L’artiste mexicain hyperréaliste Ruben Orozco a créé la figure énigmatique, intitulée « Bihar » (« Demain » en basque) pour une campagne de la Fondation BBK – la branche caritative du prêteur espagnol Kutxabank – pour encourager le débat sur la durabilité.

L’objectif est que les gens sachent que « leurs actions peuvent nous couler ou nous maintenir à flot », a déclaré l’artiste au site d’information espagnol Nius.

Au fur et à mesure que les marées montent et descendent, la figurine en fibre de verre de 120 kg (264 lb) est submergée et découverte chaque jour, ce qui, selon BBK, était une réflexion sur ce qui pourrait arriver « si nous continuons à parier sur des modèles non durables » comme ceux qui contribuent au changement climatique. .

Les habitants de Bilbao se sont réveillés jeudi dernier à l’installation après qu’elle ait été emmenée en bateau et descendue dans la rivière près du centre-ville au milieu de la nuit.

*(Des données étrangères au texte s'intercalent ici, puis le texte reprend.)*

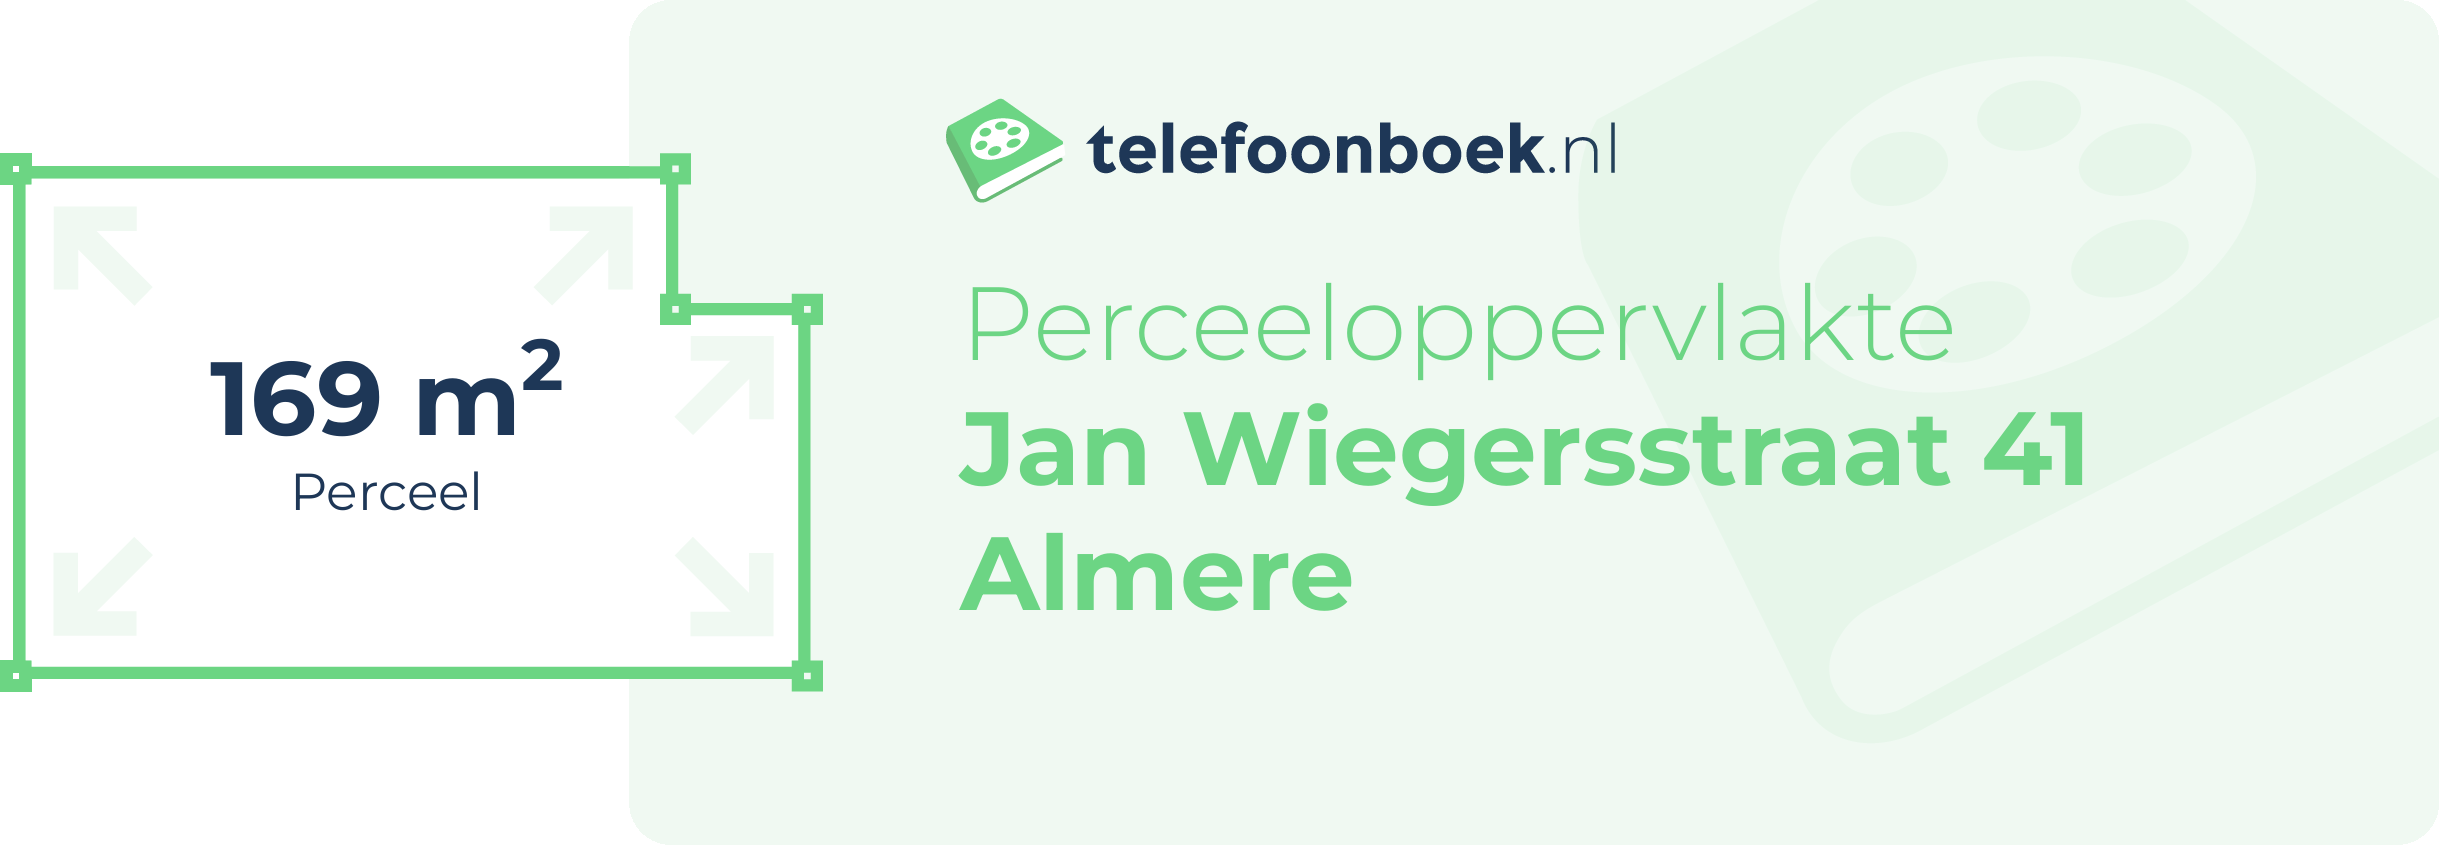 Perceeloppervlakte Jan Wiegersstraat 41 Almere

Une sculpture en fibre de verre intitulée « Bihar » (Demain en basque), de l’artiste hyperréaliste mexicain Ruben Orozco, est immergée dans la rivière Nervion à Bilbao, en Espagne, le 27 septembre 2021. REUTERS/Vincent West TPX IMAGES DU JOUR

« Au début, cela me donnait une sensation de stress, quand la majeure partie du visage était hors de l’eau, mais maintenant cela me donne de la tristesse, beaucoup de tristesse », a déclaré la visiteuse Triana Gil.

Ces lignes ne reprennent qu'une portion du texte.